Por Roberta Jansen, O Estado de S.Paulo – O desenvolvimento em tempo recorde de várias vacinas contra a covid-19 parece ter dado o impulso que faltava para a criação de um imunizante contra o HIV. Quarenta anos depois do início da pandemia de aids, o mundo parece estar perto de ter um produto eficaz na prevenção da infecção. Um estudo com mais de 6 mil pessoas está sendo conduzido em vários países da África, Europa, América do Norte e América Latina, inclusive no Brasil. Para especialistas, é o mais promissor em quatro décadas.

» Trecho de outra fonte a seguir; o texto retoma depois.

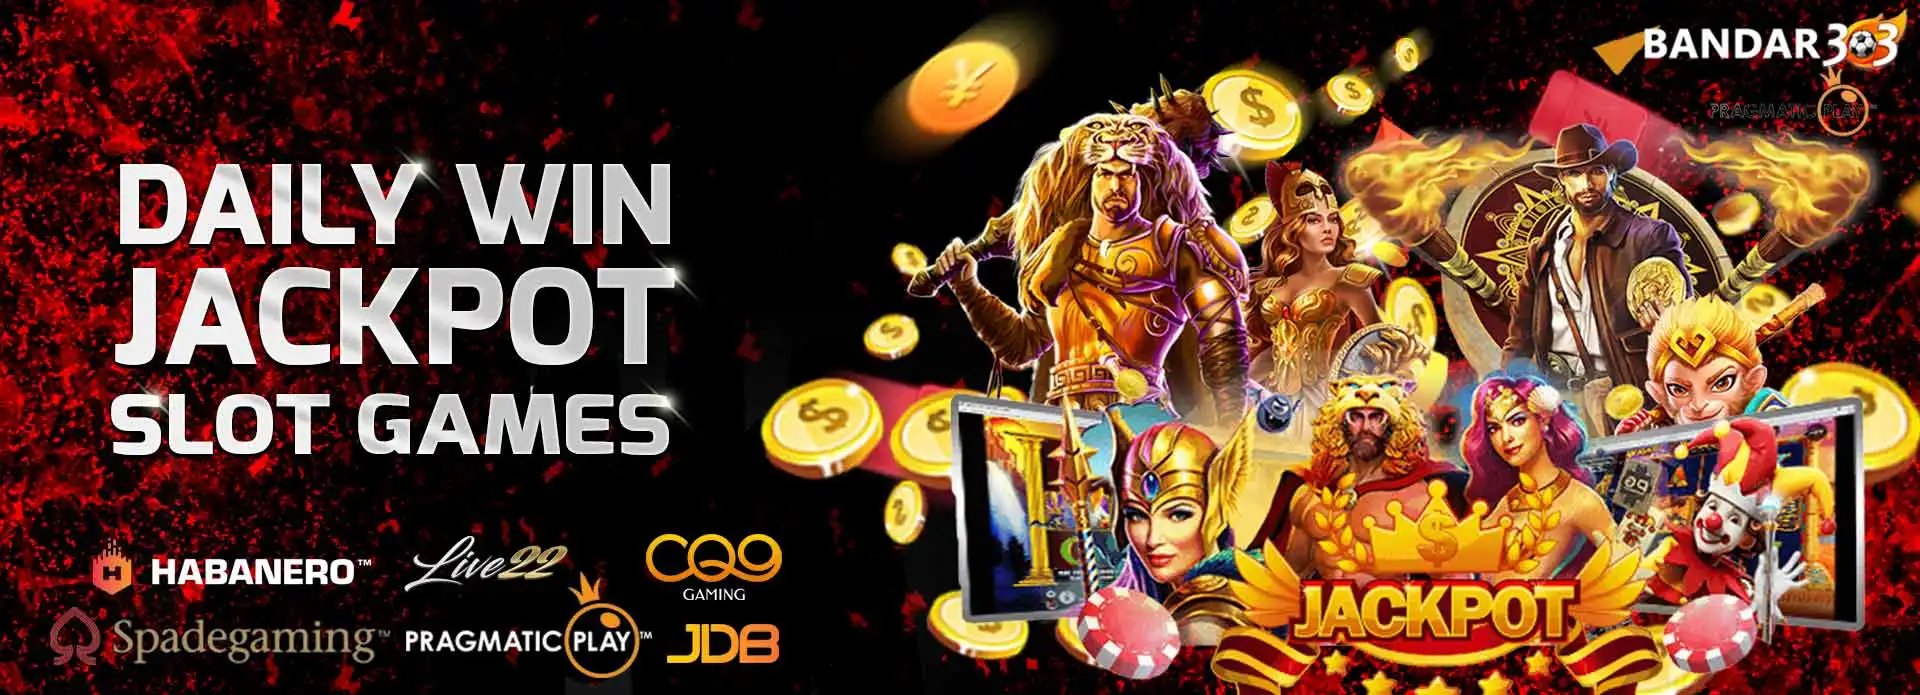 Daily Win Jackpot Slot Games Bandar303

O estudo está dividido em duas frentes. A primeira delas, na África Subsaariana, testa 2.637 mulheres heterossexuais. Uma segunda, chamada de Mosaico, conduzida na Europa, na América do Norte e na América Latina, está testando 3.600 voluntários, entre homens homossexuais e pessoas trans. No Brasil, o estudo ocorre em oito centros de pesquisa em São Paulo, no Rio, em Minas e no Paraná.

Entenda

Estudo testa duas vacinas experimentais contra o HIV, sem utilizar HIV vivo, HIV morto ou células humanas infectadas com o HIV

A pesquisa está na fase 3, que testa a eficácia em larga escala. As fases 1 e 2, com menos voluntários, determinam a segurança do produto e a dose apropriada. Numa fase anterior, em macacos, o imunizante apresentou uma proteção de 67% contra a infecção. É por conta deste número que os cientistas estão otimistas. Até hoje, o candidato a vacina contra a aids mais eficaz já testado no mundo apresentava proteção de 30% – e sua pesquisa foi deixada de lado.

“Nas fases 1 e 2, a vacina se mostrou muito segura. Os efeitos colaterais são parecidos aos da AstraZeneca contra a covid: dor local, febre por um dia, dor de cabeça”, afirma o infectologista Ricardo Vasconcelos, coordenador da fase 3 no Hospital das Clínicas, em São Paulo. “A imunogenicidade do produto, ou seja, o quanto ele conseguiu induzir uma resposta imune, foi considerada muito satisfatória. Resta saber se essa resposta é capaz de reduzir a incidência da infecção.”

A vacina está sendo aplicada em pessoas soronegativas que tenham o risco aumentado de exposição à infecção. Os voluntários serão acompanhados por 30 meses. Metade receberá placebo e a outra metade, o imunizante. Cada um tomará quatro doses, com intervalos de três meses entre cada uma.

Mutações

A grande capacidade de mutação do vírus HIV – muito superior à do Sars-CoV-2 – sempre foi o maior obstáculo para a criação de uma vacina eficaz. A tecnologia usada no novo imunizante é similar à da AstraZeneca desenvolvida contra a covid-19. Um adenovírus inativado é usado como um ‘cavalo de Troia’ para levar fragmentos genéticos do HIV para dentro da pessoa a ser imunizada, “treinando” o seu sistema imunológico a combater o vírus real. A diferença é que, neste novo produto, estão sendo usados milhares de fragmentos genéticos.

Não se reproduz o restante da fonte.